Now, even though it is a charity and I'm there as a volunteer, I still want to turn out the best possible product, so:  Am I better off just to set it up 'school portrait' style, camera on the tripod, pet in place, "smile" shoot, next please, or even if it means taking a little extra time, keeping the camera free and moving around to get the best shot?  That's obviously what I would prefer, I'm just a little concerned about the time aspect...

Thoughts?


----------



## rabhobbes (Oct 31, 2010)

I'd personally go with off tripod too ( I shoot pets but not this type of scenario). I can tell you your main concern will be getting the pet to look to the camera for the split second you need...so have a few attention getters (train whistle, learn how to meow, etc) to use. Good luck


----------



## tirediron (Oct 31, 2010)

The attention-getting is my main conern too. I like the train-whistle idea; thanks!

Great images on your 'site!


----------



## Phranquey (Nov 1, 2010)

I would go off-tripod as well, but have it with you just in case.  

Go to a pet store and find a very small toy that has a squeaker in it. You can palm it in your lense hand and give it a small squeeze, which will bring their attention (momentarily ) to you. The train whistle sounds like a good idea as well... have a few options available, since photographing pets can be more trying than children. Good luck.


----------



## c.cloudwalker (Nov 1, 2010)

Although I have photographed pets, I have never done anything like this kind of deal.

However, there are 2 reasons to stay on tripod. 1/ is your time frame. No time to get artsy, this is more like shoot and run. And 2/ unless you've done it before, holding the camera in one hand and a squeaky toy in the other is not going to give you the best results. Both hands on the camera and the whistle in your mouth, depending on your camera, you may end up eating that whistle, lol.

Just set up your lights and scene so that you can get a decent photo every time. With a zoom, you can quickly adjust for any size dog... And you're done.

I would want to meet with the Santa ahead of time though to discuss technique. He/she needs to hold the dogs in a certain way so as to help you and if he/she doesn't have experience, you may want to do a trial run with a couple dogs.

Good luck. And have fun.


----------



## mwcfarms (Nov 1, 2010)

I second the squeaker. But you can buy replacement squeakers at most big pet chains. or buy the toy and dissect it. The squeaker is a bit bigger than a toonie and works awesome. We do this here for our local Humane Society as well and they put in on a Tripod and do the assembly line.


----------



## Overread (Nov 1, 2010)

You might also want to have some treats on hand and one of those new "Dog training clickers" that are apparently popular these days with dog training. You have to give a treat after the click but the click should get you the shot.

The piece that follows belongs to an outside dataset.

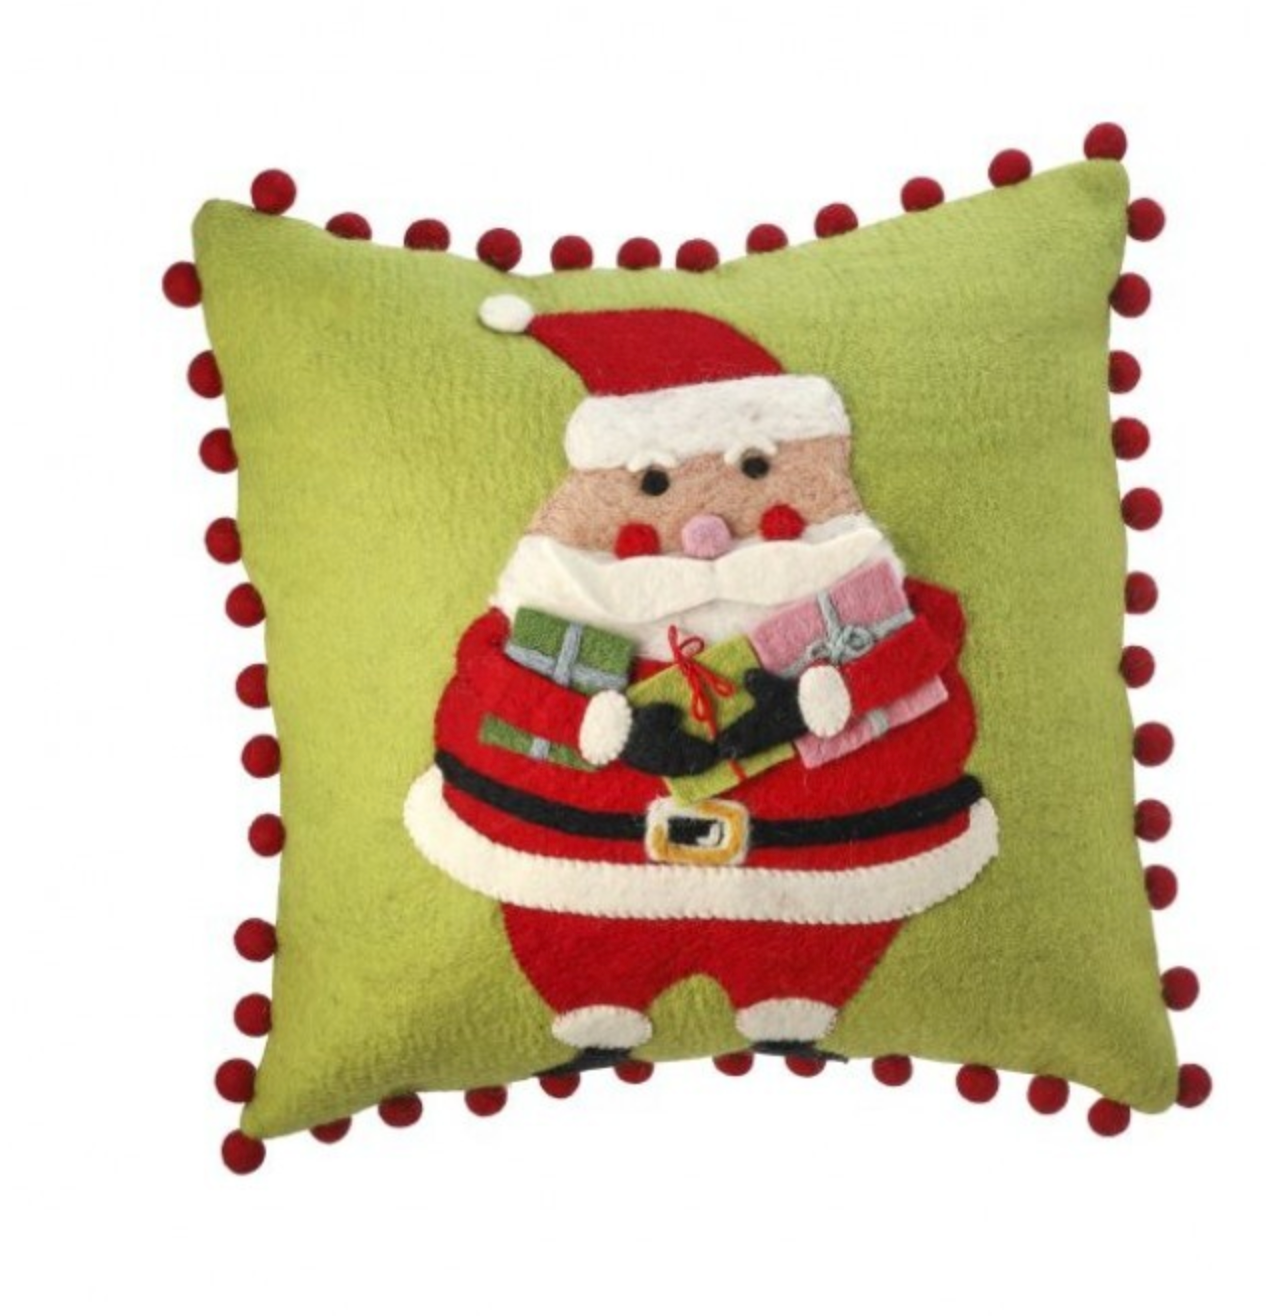 Green Felt Santa Pillow with Red Pom Poms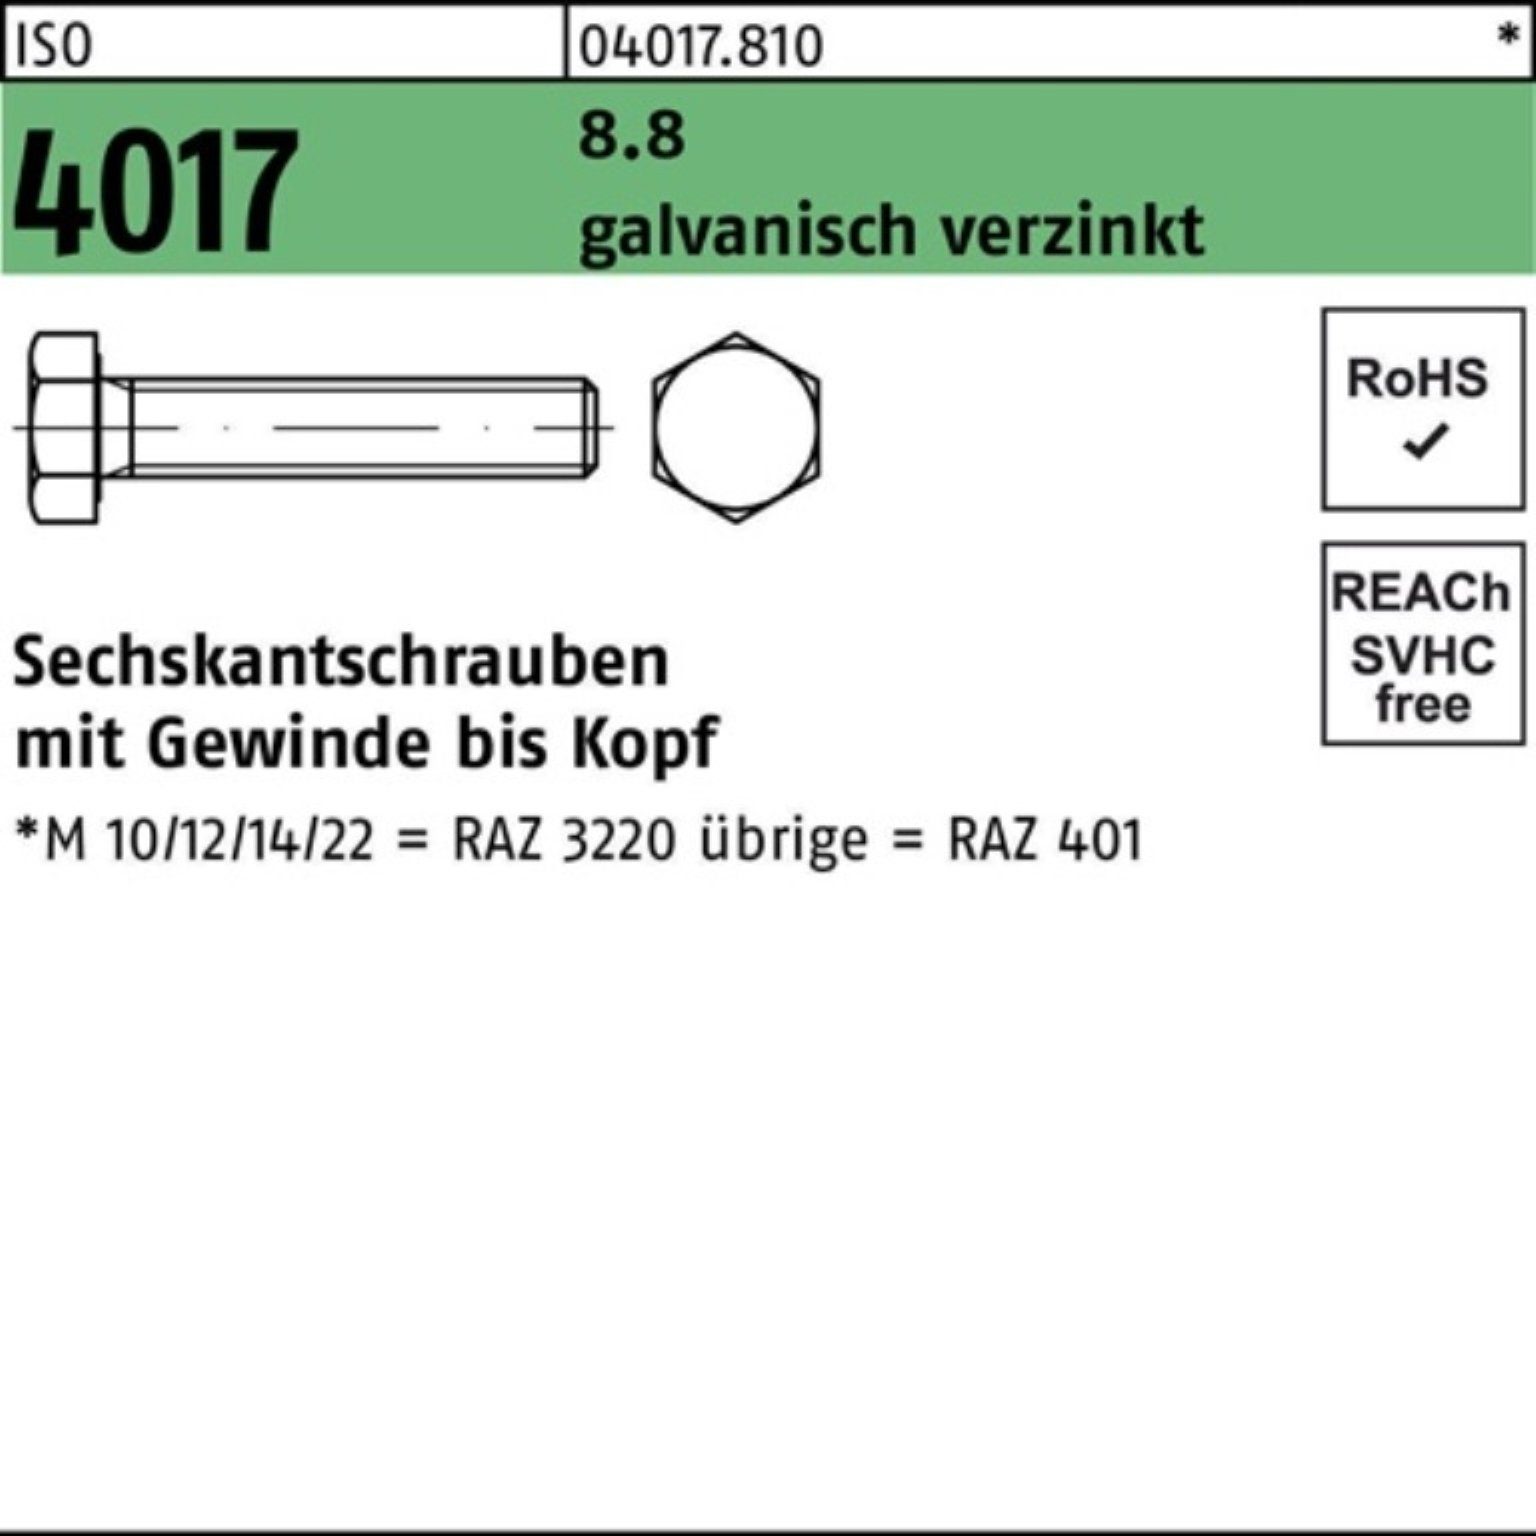 Bufab Sechskantschraube 500er 20 galv.verz. Pack 4017 Sechskantschraube 500 ISO VG St 8.8 M7x

Another trick I've read it to put a treat on the end of the lens hood - gets the dogs attention and provided you're not too close you should be fine (just remember to take the treat off the camera before giving it to the dog ).


----------



## tirediron (Nov 1, 2010)

Thanks for all the ideas and input.  I think that I will try the off-camera approach first and see how that goes.  I suspect I'll wind up using the tripod towards, but if at all possible I'm going to try and avoid the 'elementary school photo' look.  I'll definitely have a squeaker or two, and good tip about co-ordinating with Santa!


----------



## msf (Nov 4, 2010)

Attention getters, if your photographing a dog, have a kitten near by you can dangle in front of it, or if your photographing a cat, have a mouse you can dangle in front of it. 

mostly kidding.  

I have a whistle I use, but ive found it only works the first couple of times, then they get use to it.  its good to have a few things, and to have lots of patience.    Especially when doing multiple pets at once.


----------